WORK TO COMPLETE:
Please transcribe exactly the lines from the line holding "Carrie Fisher and" through the end of the data below, and skip any pictures.

SUPPLIED DATA:

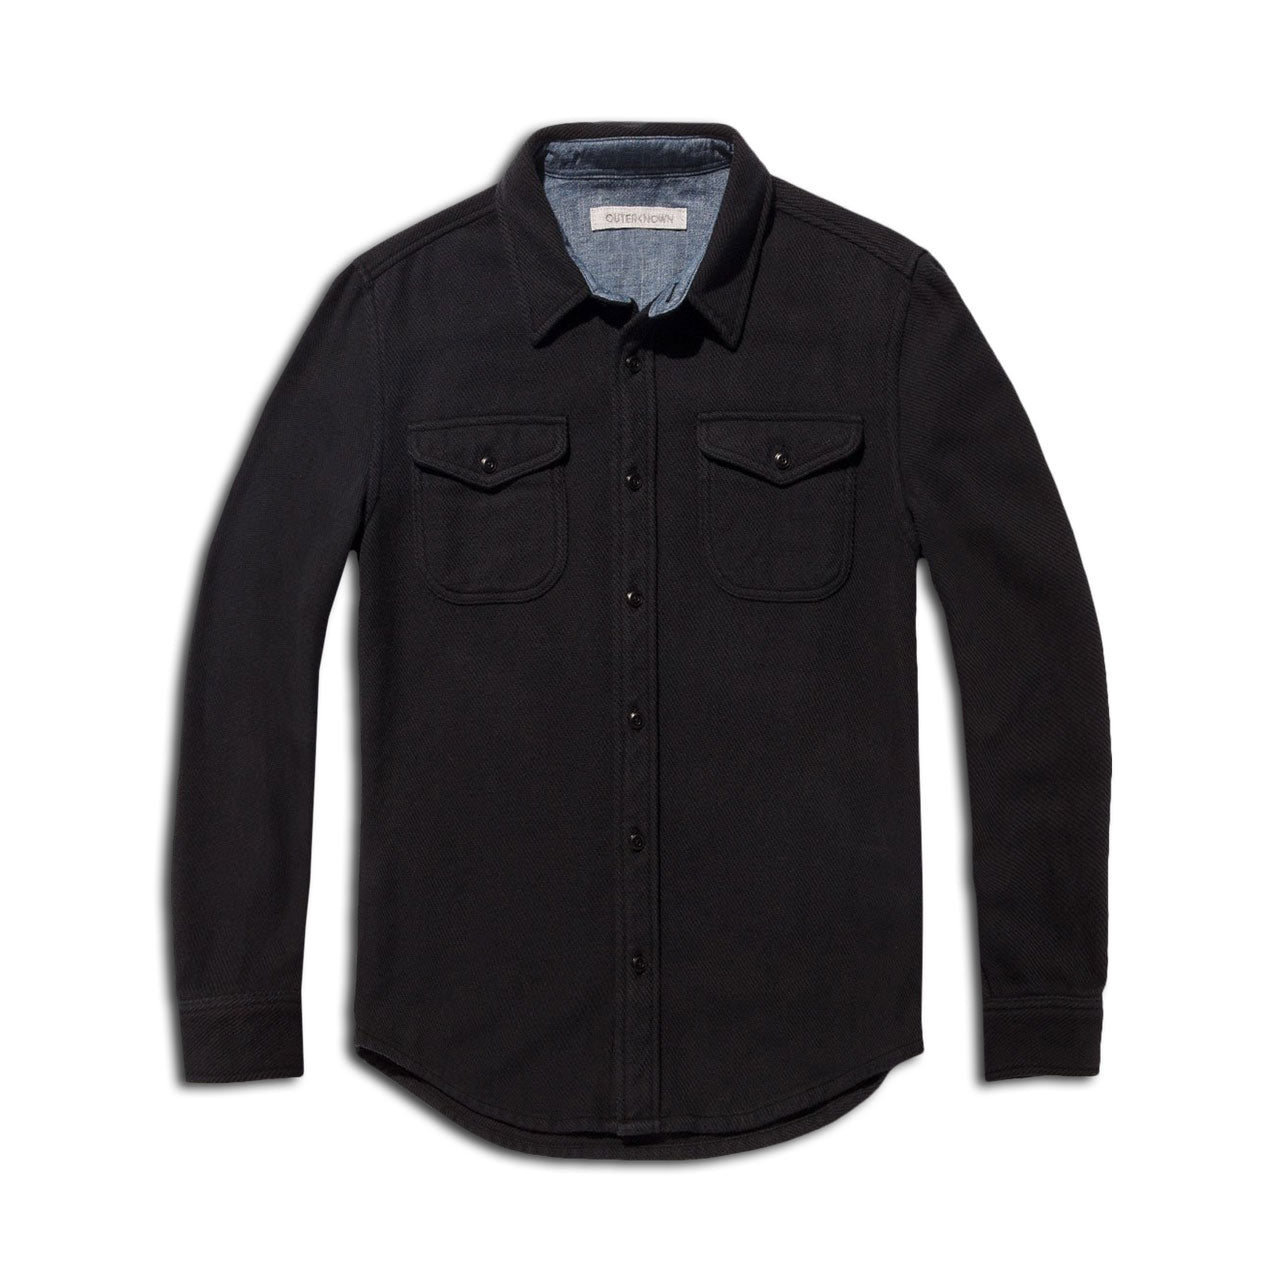 Outerknown Blanket Shirt | Uncrate
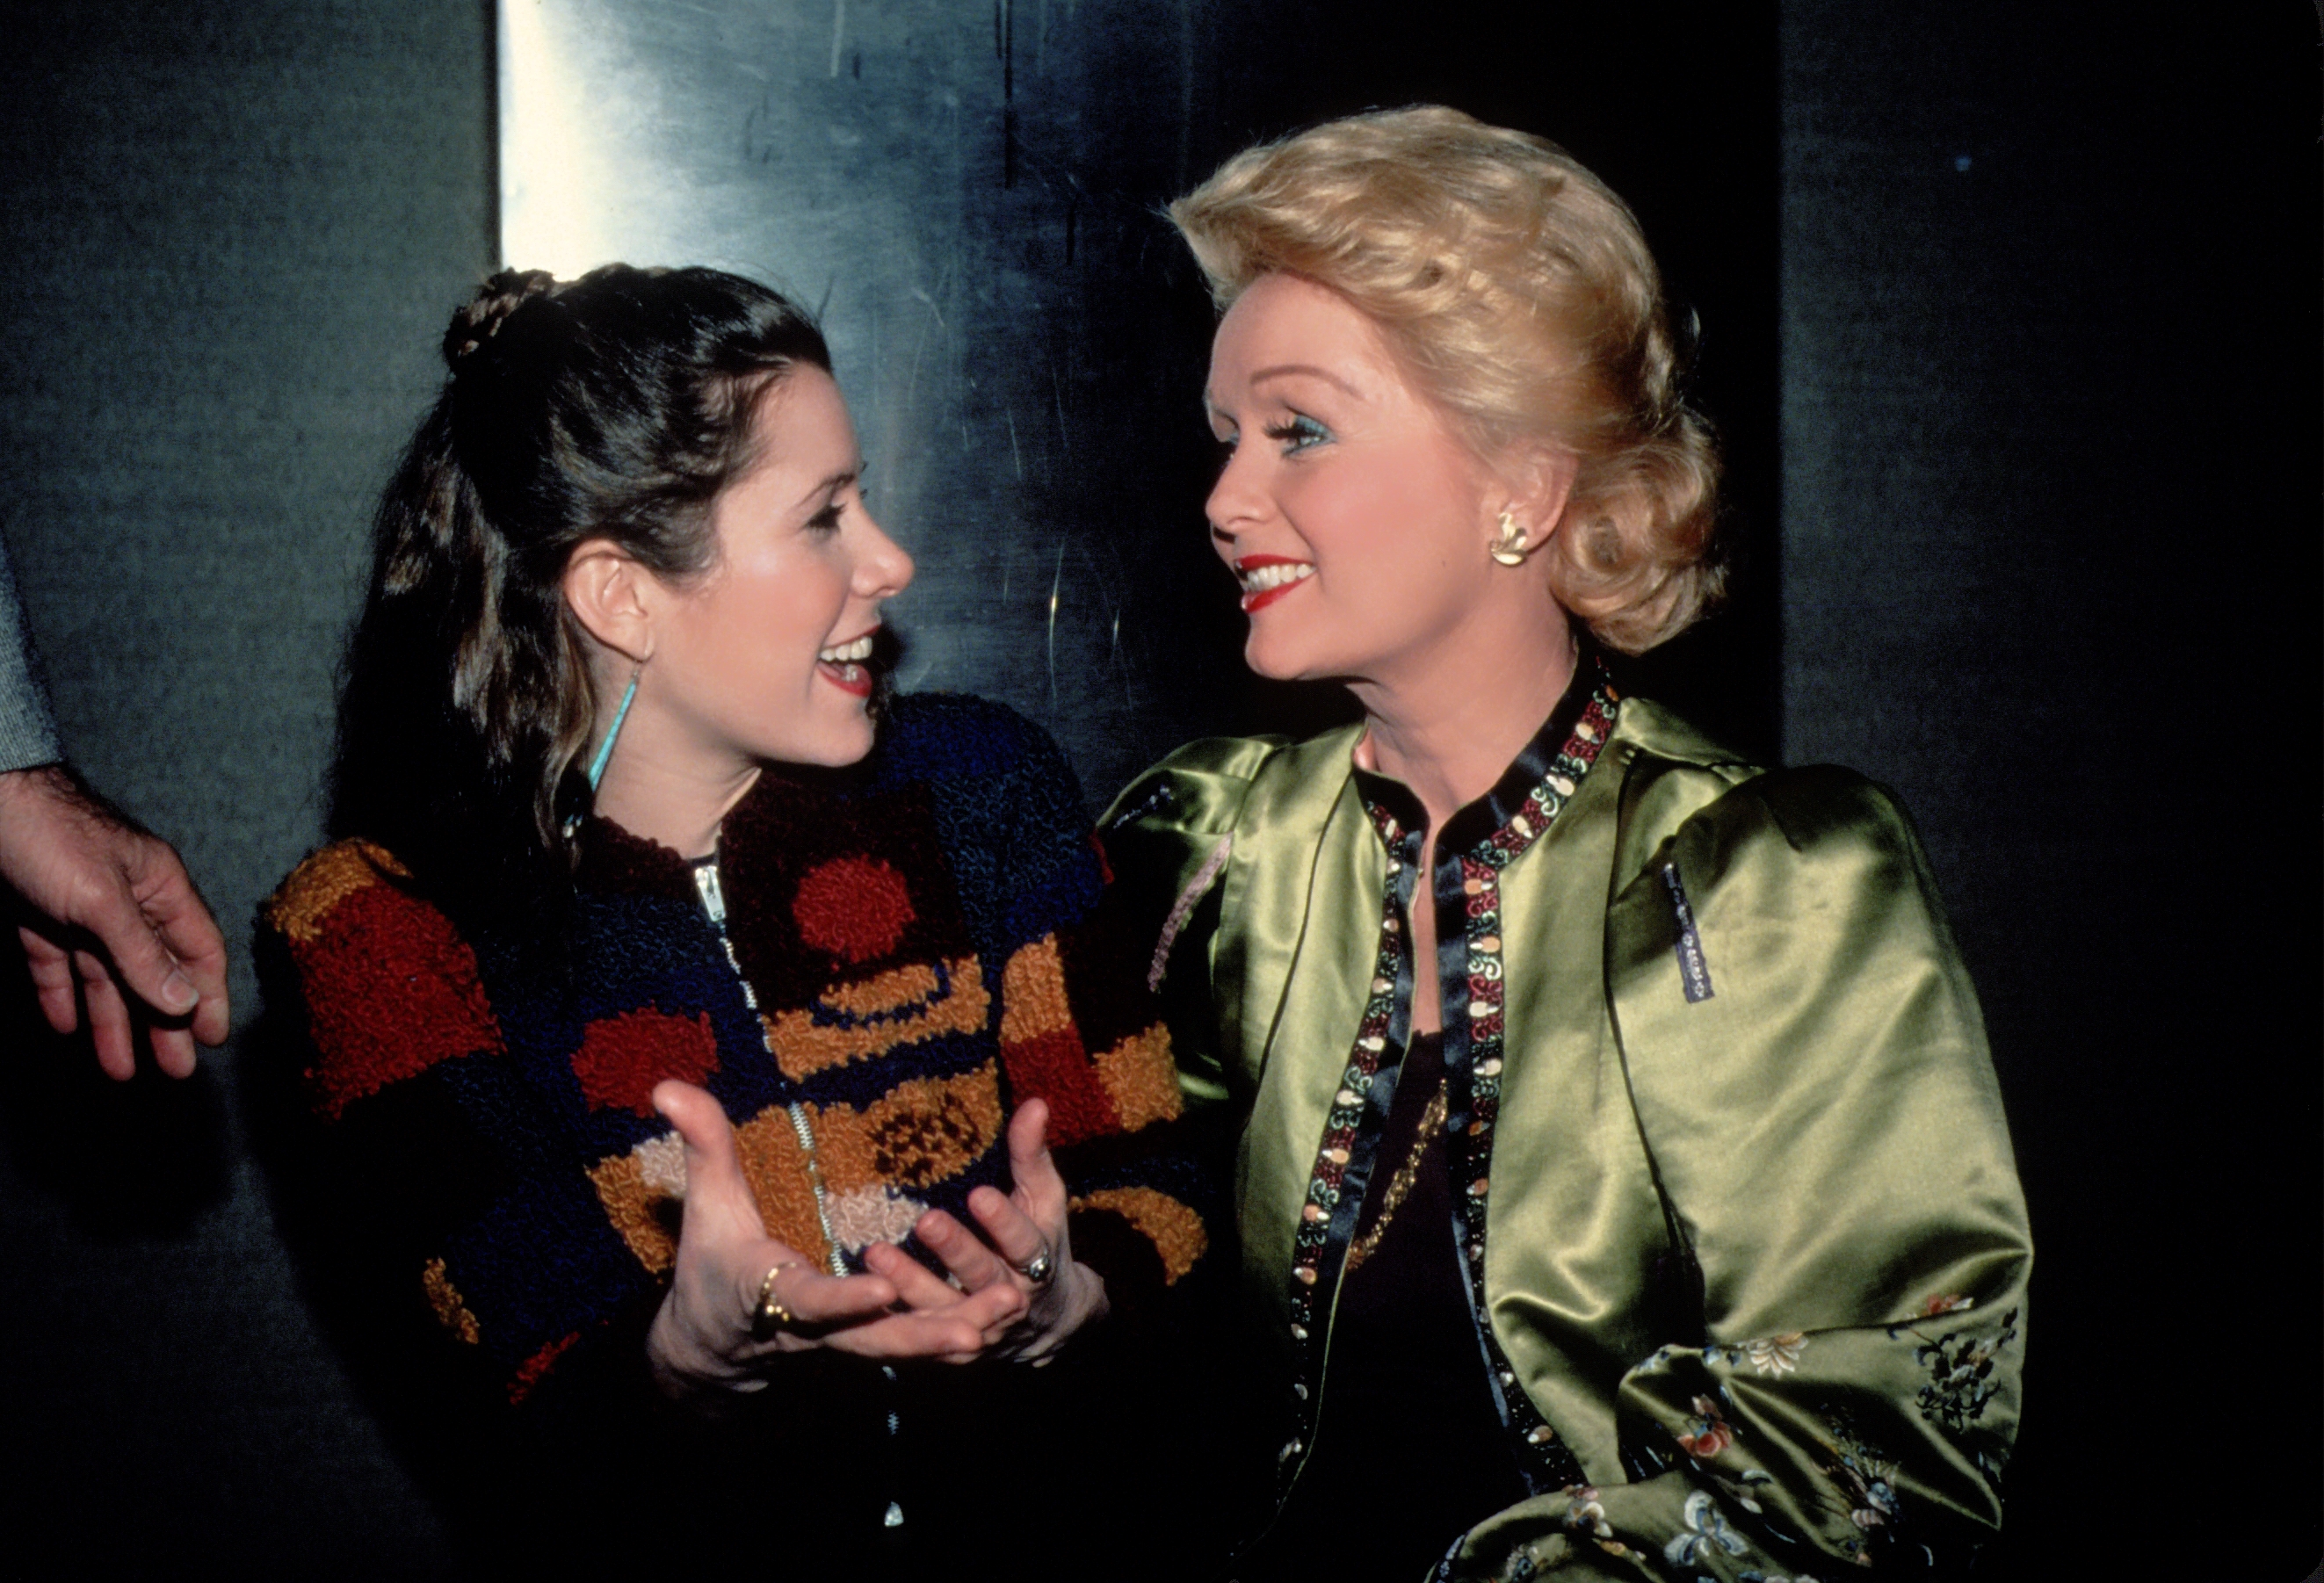 Carrie Fisher and Debbie Reynolds circa 1983 in New York City | Source: Getty Images
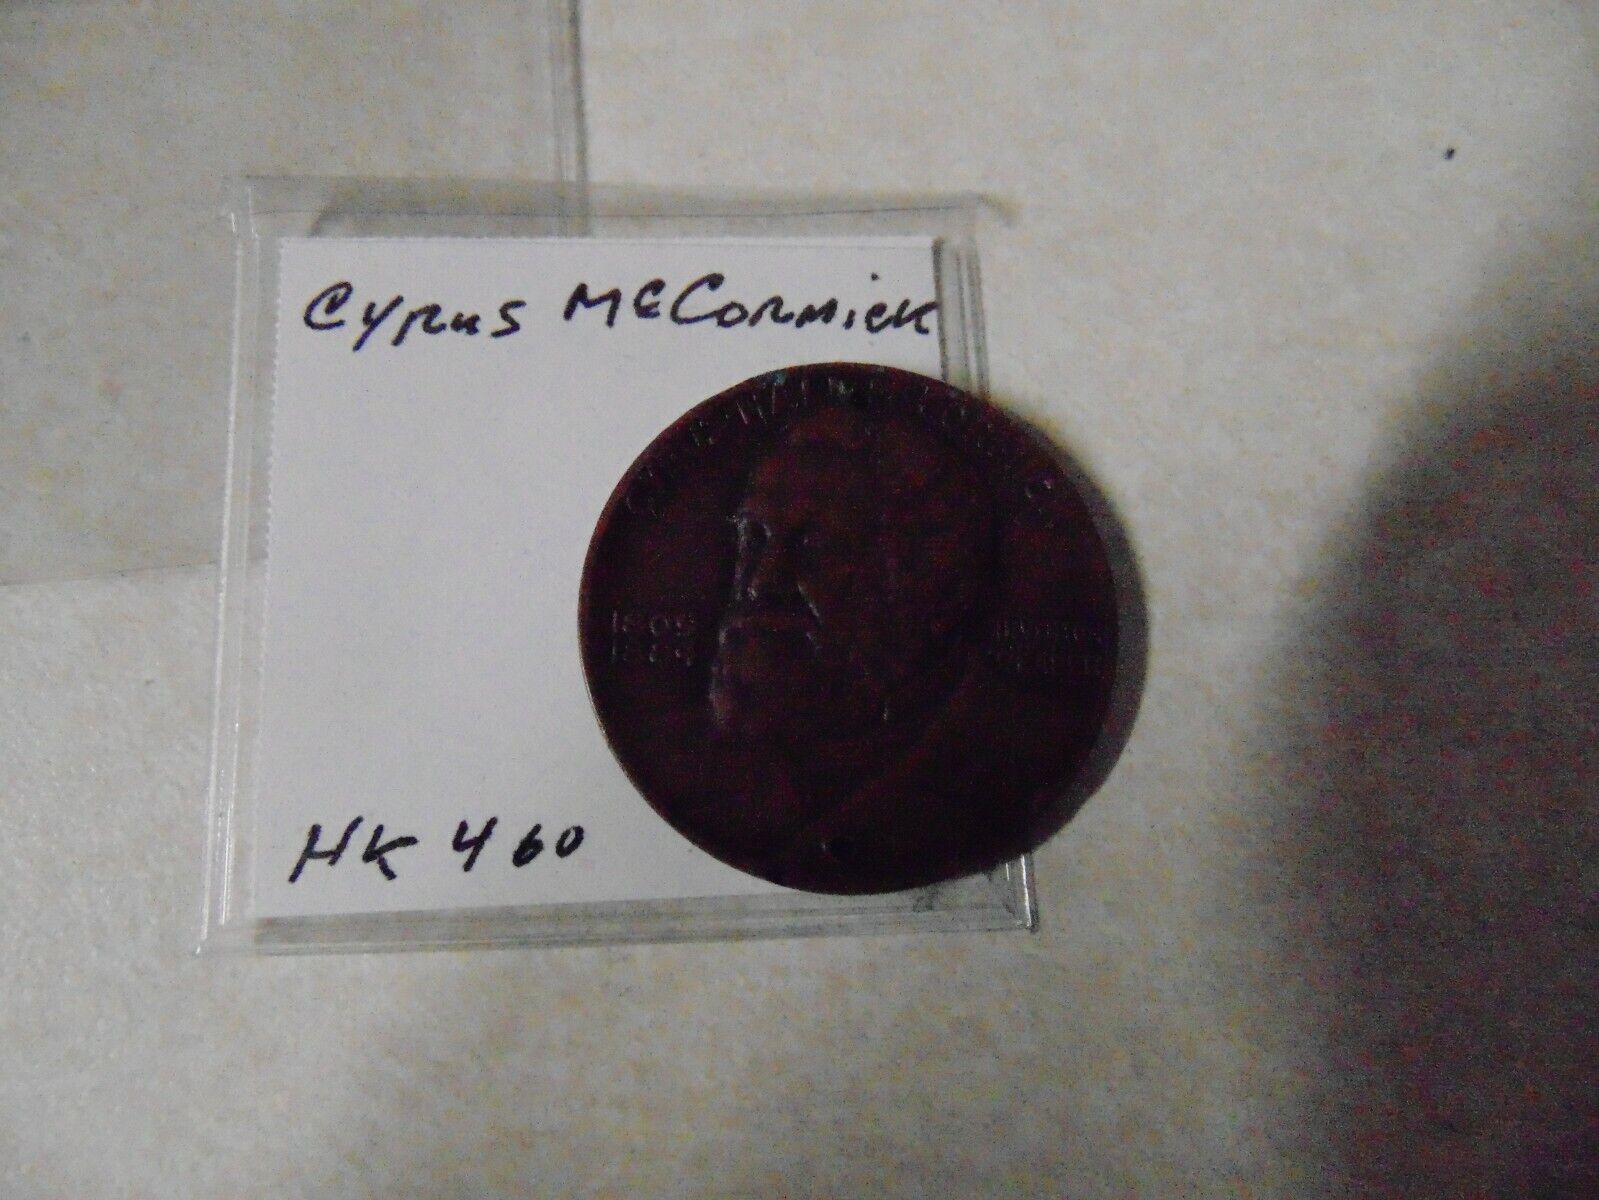 COIN TOKEN CYRUS HALL McCORMICK 1809-1884 INVENTOR OF THE REAPER INTERNATIONAL 2
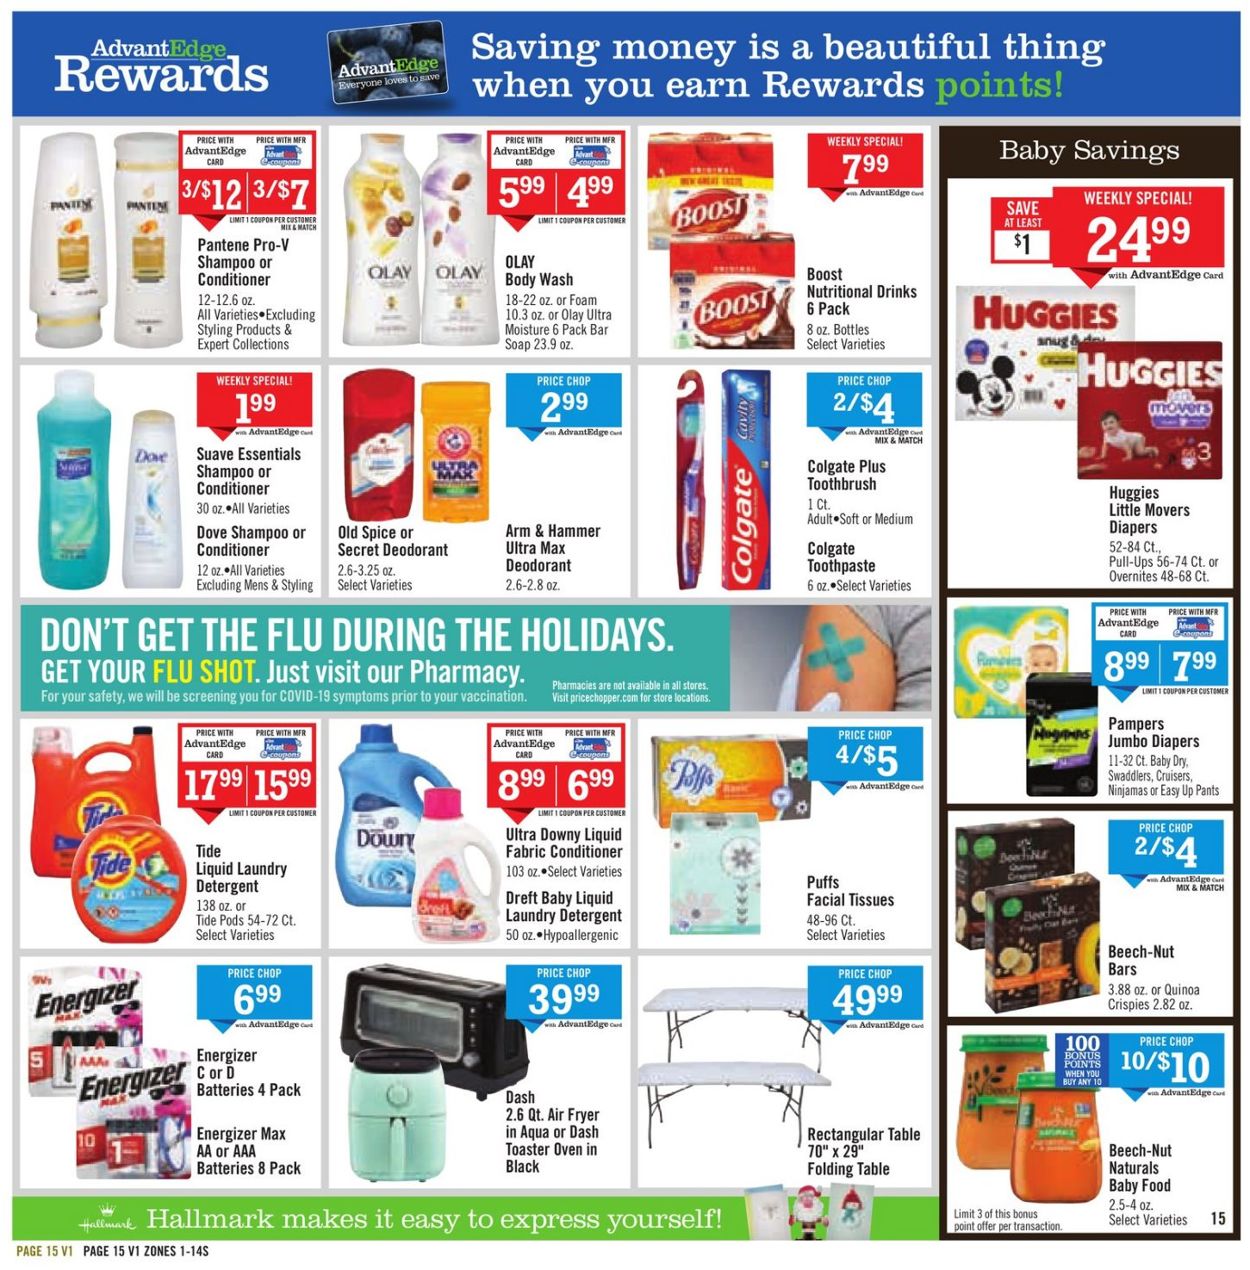 Price Chopper Cyber Monday 2020 Weekly Ad Circular - valid 11/29-12/05/2020 (Page 19)

WRITTEN ANSWER:
 Carrie Fisher and Debbie Reynolds circa 1983 in New York City | Source: Getty Images
 COIN TOKEN CYRUS HALL McCORMICK 1809-1884 INVENTOR OF THE REAPER INTERNATIONAL 2
 Price Chopper Cyber Monday 2020 Weekly Ad Circular - valid 11/29-12/05/2020 (Page 19)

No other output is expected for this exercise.